L’opération visait plus que la déstabilisation du régime. Ce fut un projet de vengeance. Terrible s’il avait réussi. Il s’agissait de faire exploser, simultanément sinon successivement, l’Etat Major de l’Armée nationale et l’Ambassade de France à Nouakchott. Chaque voiture aurait été conduite par un kamikaze, tandis que les deux autres, armés de RPG et d’armes légères, devaient semer la mort dans les environs. Imaginons le carnage.

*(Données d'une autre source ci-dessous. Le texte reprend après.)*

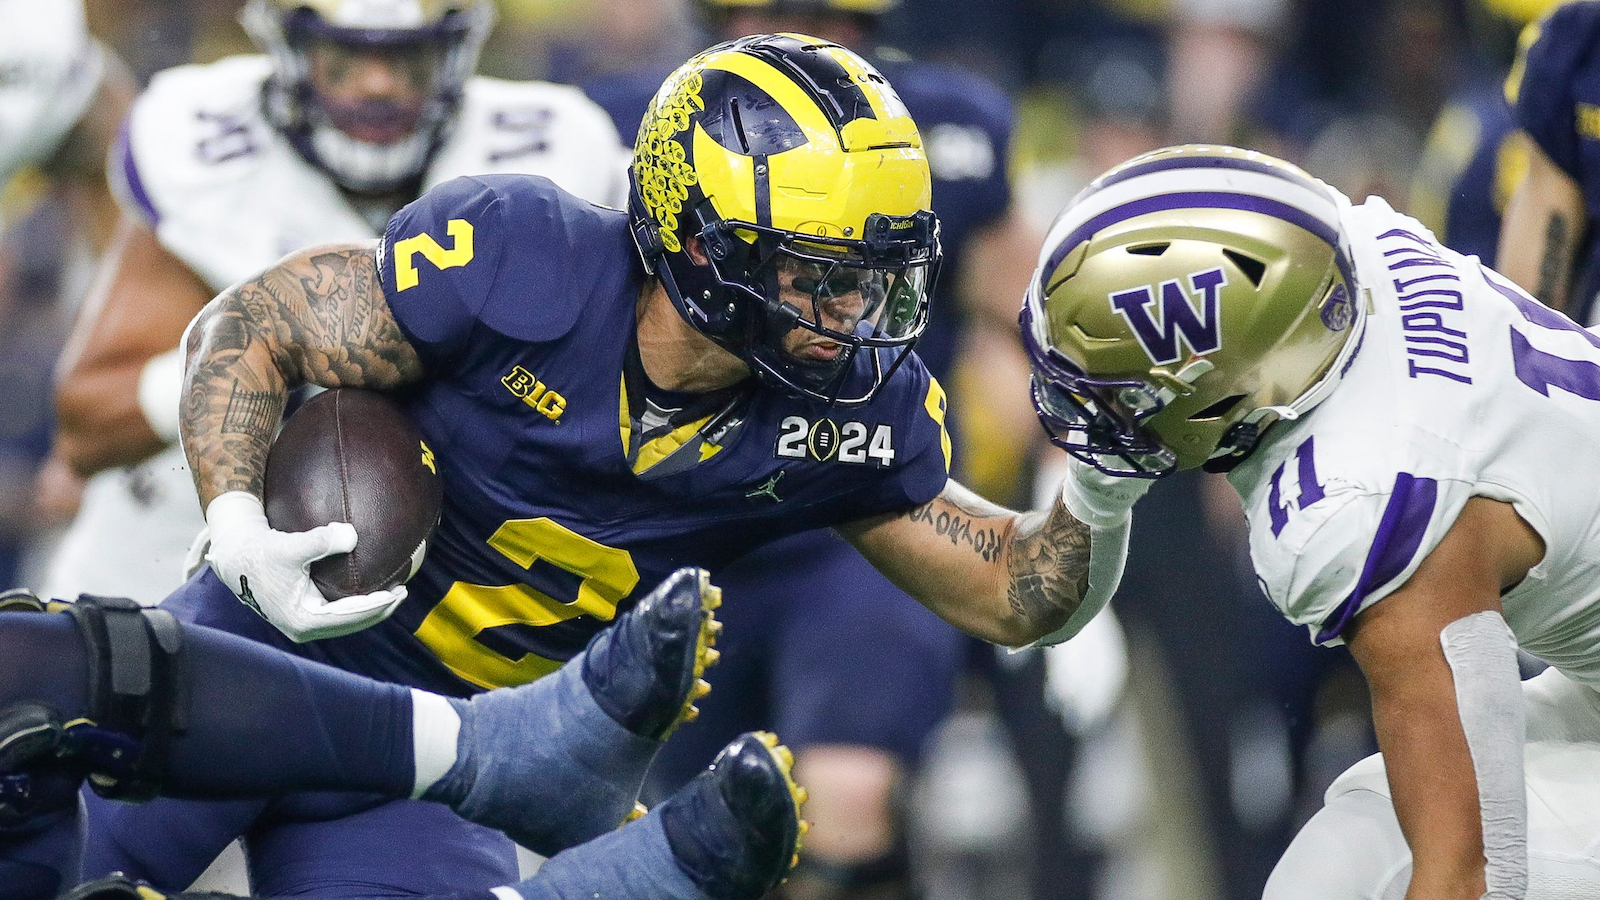 Michigan RB Blake Corum rushes against Washington in the College Football Playoff title game

La Mauritanie est aujourd’hui considérée par les différents groupes de la nébuleuse AQMI comme «l’ennemi principal». Aucun des pays concernés par l’activité des groupes criminels de la zone n’a porté autant de coups aux activistes que la Mauritanie. C’est un peu pour lui faire payer cet engagement que les deux groupes, hier ennemis, «l’Emirat du Sahara» de Yahya Jwadi alias Abu Ammar et «Katibat el Mulathamine» (enturbannés) de Khalid Abul Abbass alias Belawar, se sont mis ensemble pour monter cette opération. Il faut signaler que ce rapprochement entre les différentes factions s’est soldé par la désignation du mauritanien Hassan Ould Khalil, participant à l’attaque de Lemghayti et jusque-là bras droit de Belawar, comme responsable de la communication de l’Emirat du Sahara de Abu Ammar. C’est le deuxième mauritanien qui monte en grade dans les structures de commandement de AQMI.
Le premier est  Brahim Ould Mohamed Ould Abdel Barka, alias Abu Anas Al-Chiguitty qui a été membre du Conseil de la Shoura de AQMI et principal juge du groupe. C’est lui qui a dirigé, recruté, organisé, opéré les branches mauritaniennes du mouvement. Il serait aujourd’hui entre les mains des services algériens si l’on en croit la presse algérienne. En tout cas, le quotidien Alkhabar a publié une photo récente de Abu Anas dont les prêches étaient d’une violence rarissime. Les Mauritaniens ont-ils été au courant de cette grosse pêche ? Peut-être pas. Sinon ils auraient certainement demandé son extradition, sinon son audition. En fait il était surtout chargé du dossier mauritanien. Et si demain il est traduit devant la justice algérienne il ne risque que des peines légères alors qu’il est mêlé à tous les crimes commis au nom du mouvement en Mauritanie.
Ayant échoué dans cette tentative de faire payer à la Mauritanie ses réussites dans la lutte contre le terrorisme, que peut faire maintenant AQMI ? C’est la question que les autorités du pays doivent à présent se poser. En attendant de savoir, répétons en chœur : «alhamdu liLlahi».